> **Provided data**:
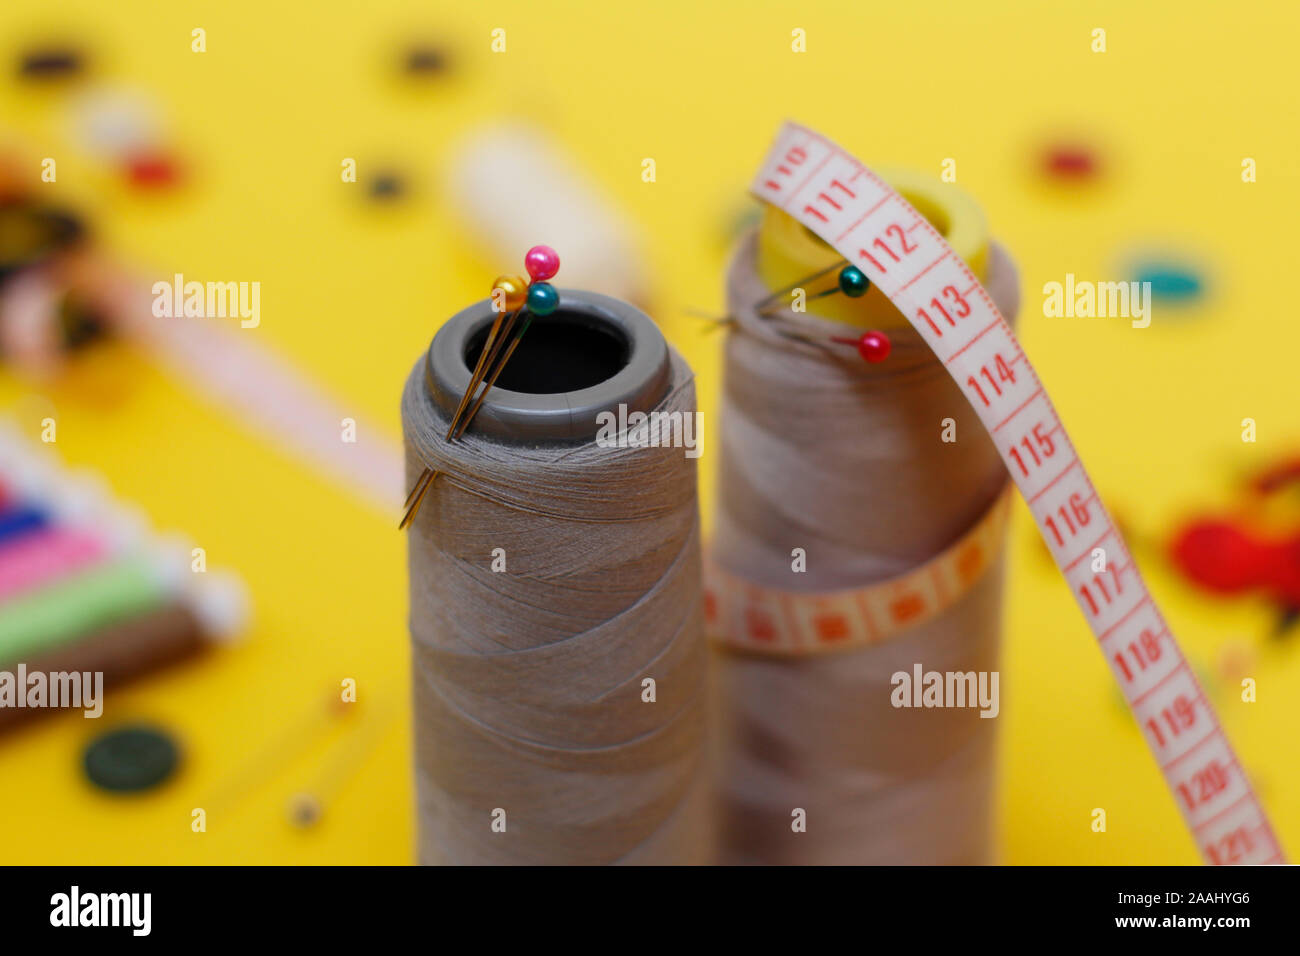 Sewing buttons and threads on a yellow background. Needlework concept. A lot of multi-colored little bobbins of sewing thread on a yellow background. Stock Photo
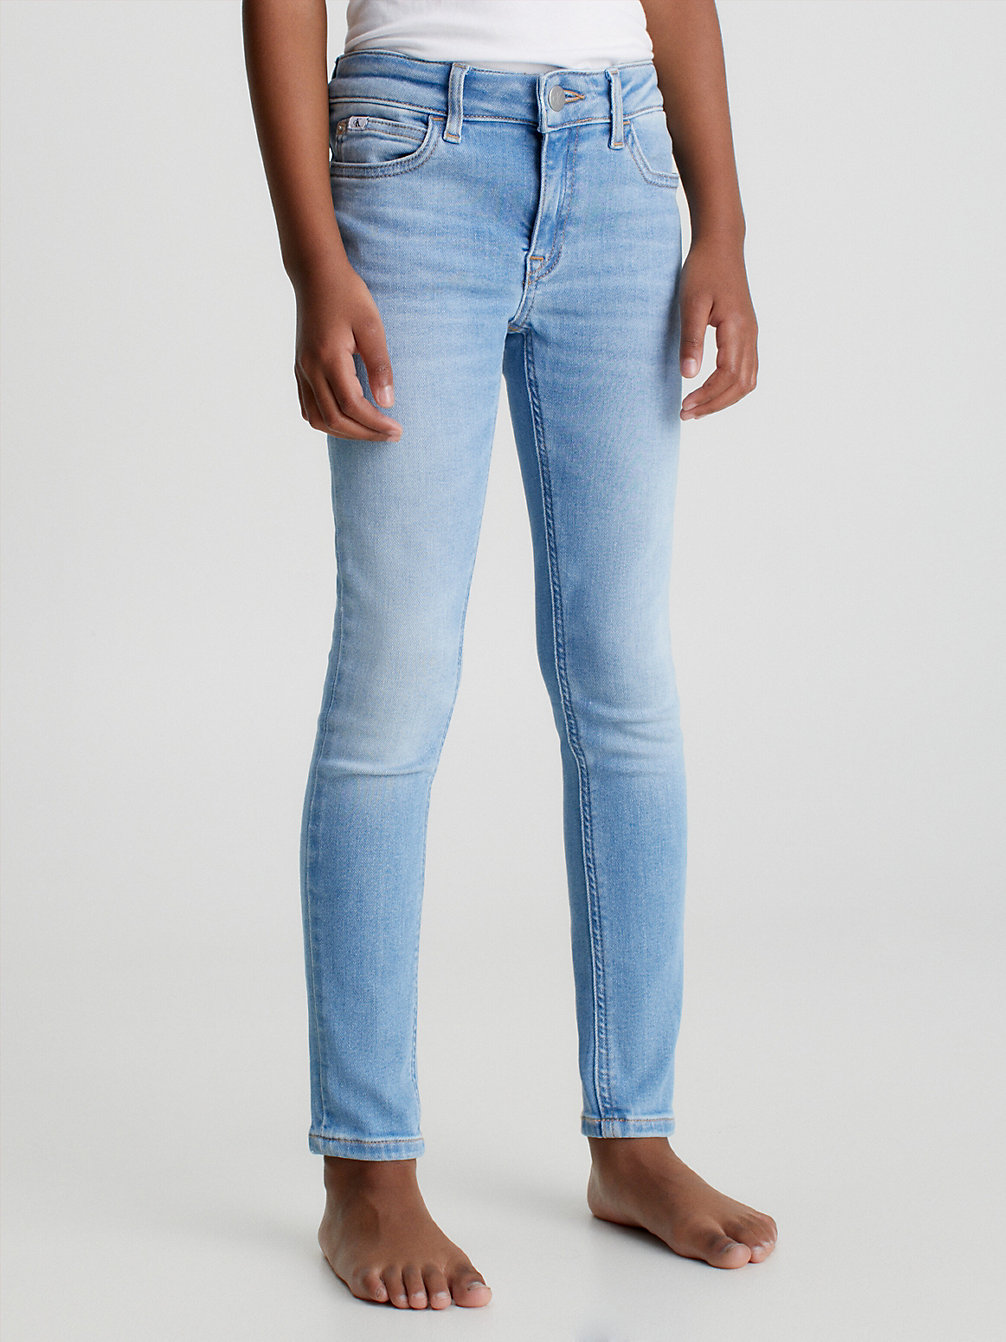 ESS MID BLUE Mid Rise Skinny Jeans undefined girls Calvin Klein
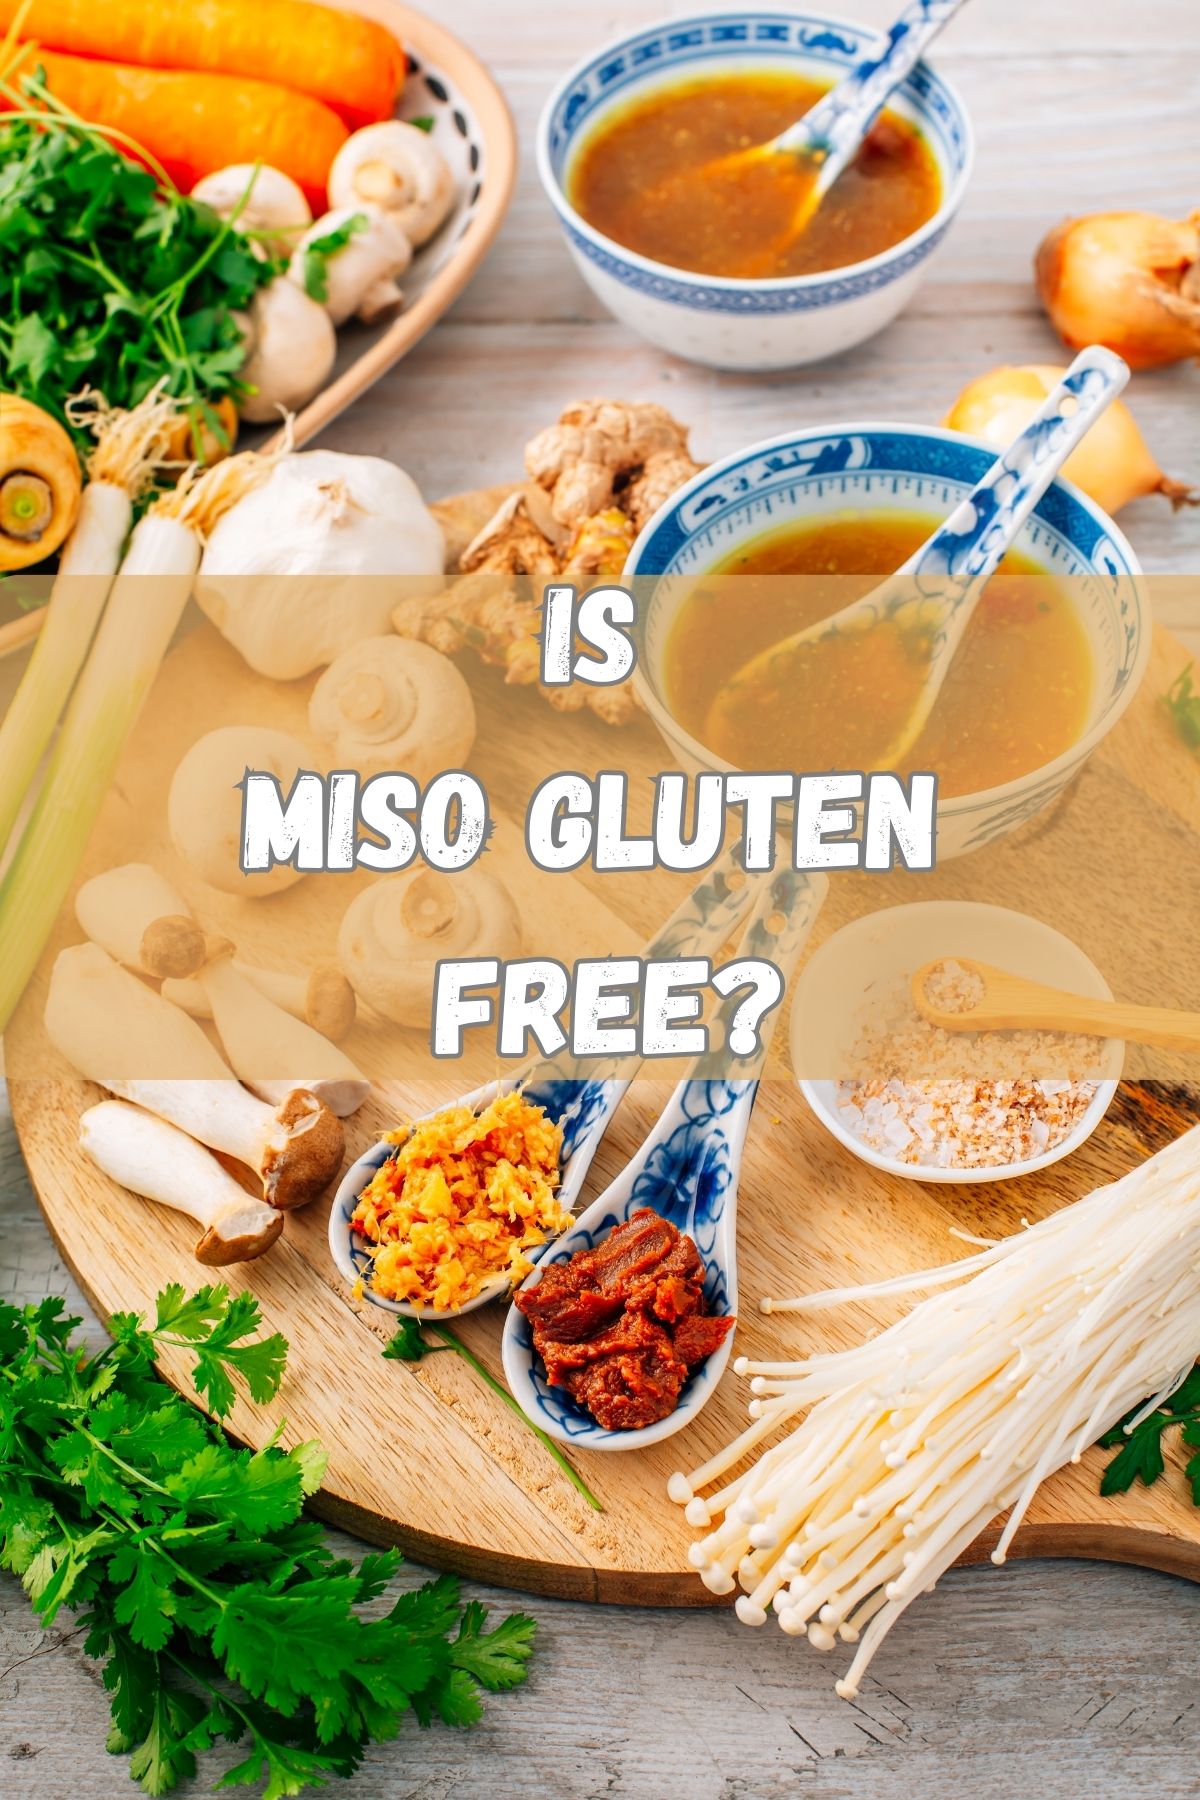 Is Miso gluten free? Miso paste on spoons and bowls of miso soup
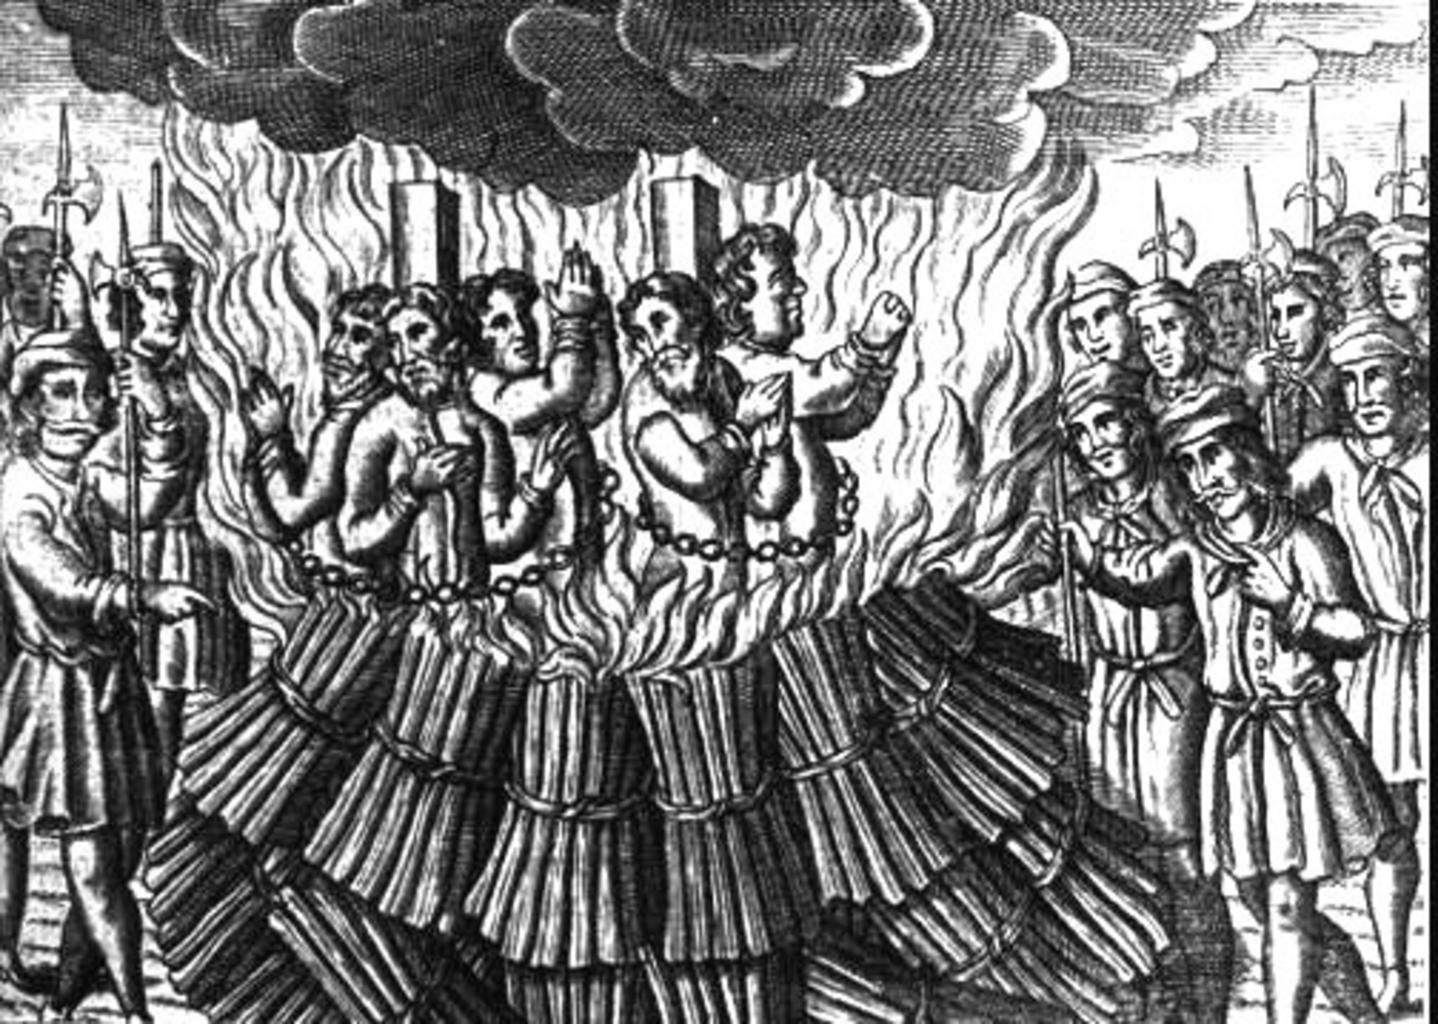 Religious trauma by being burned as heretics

> **Task objective**:
Every line from the line containing "ESS MID BLUE" through the last line above is to be printed exactly. Pictures are not copied.

> **Task output**:
 ESS MID BLUE Mid Rise Skinny Jeans undefined girls Calvin Klein
 Is Miso gluten free? Miso paste on spoons and bowls of miso soup
 Religious trauma by being burned as heretics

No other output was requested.